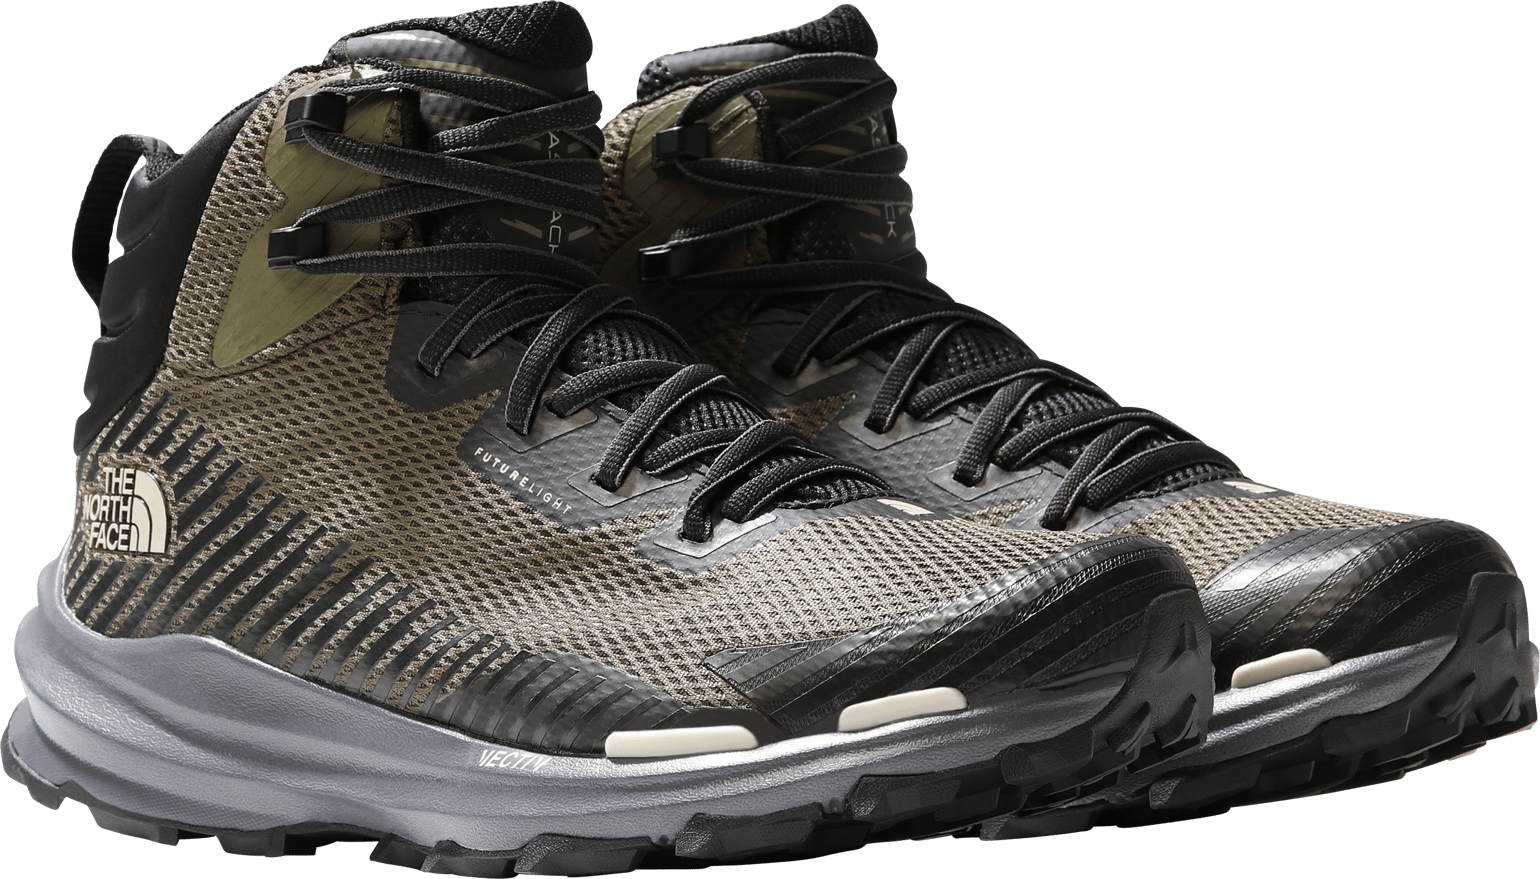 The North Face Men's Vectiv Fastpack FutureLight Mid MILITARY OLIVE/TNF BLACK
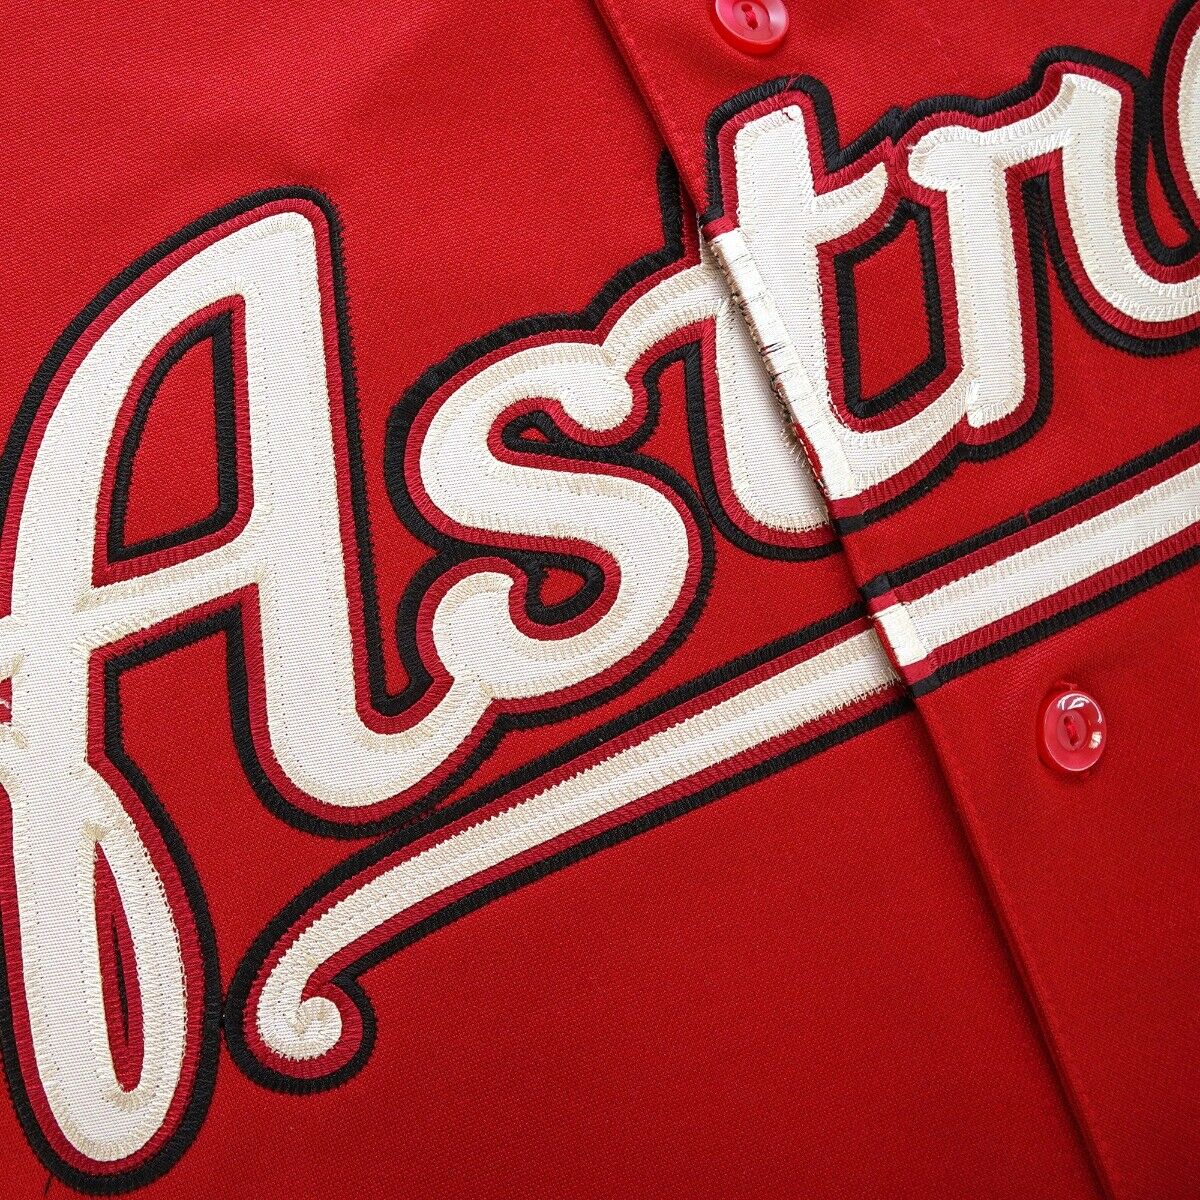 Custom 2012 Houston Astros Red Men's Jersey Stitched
---
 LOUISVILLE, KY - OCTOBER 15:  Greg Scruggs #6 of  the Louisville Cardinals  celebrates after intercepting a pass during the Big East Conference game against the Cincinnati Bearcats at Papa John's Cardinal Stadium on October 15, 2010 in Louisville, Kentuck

ACTIVITY
Every line above from the one with "The North Face" down to the one with "Custom 2012 Houston" must be written out exactly, and no picture may appear.

ANSWER BOX
 The North Face Men's Vectiv Fastpack FutureLight Mid MILITARY OLIVE/TNF BLACK
 Custom 2012 Houston Astros Red Men's Jersey Stitched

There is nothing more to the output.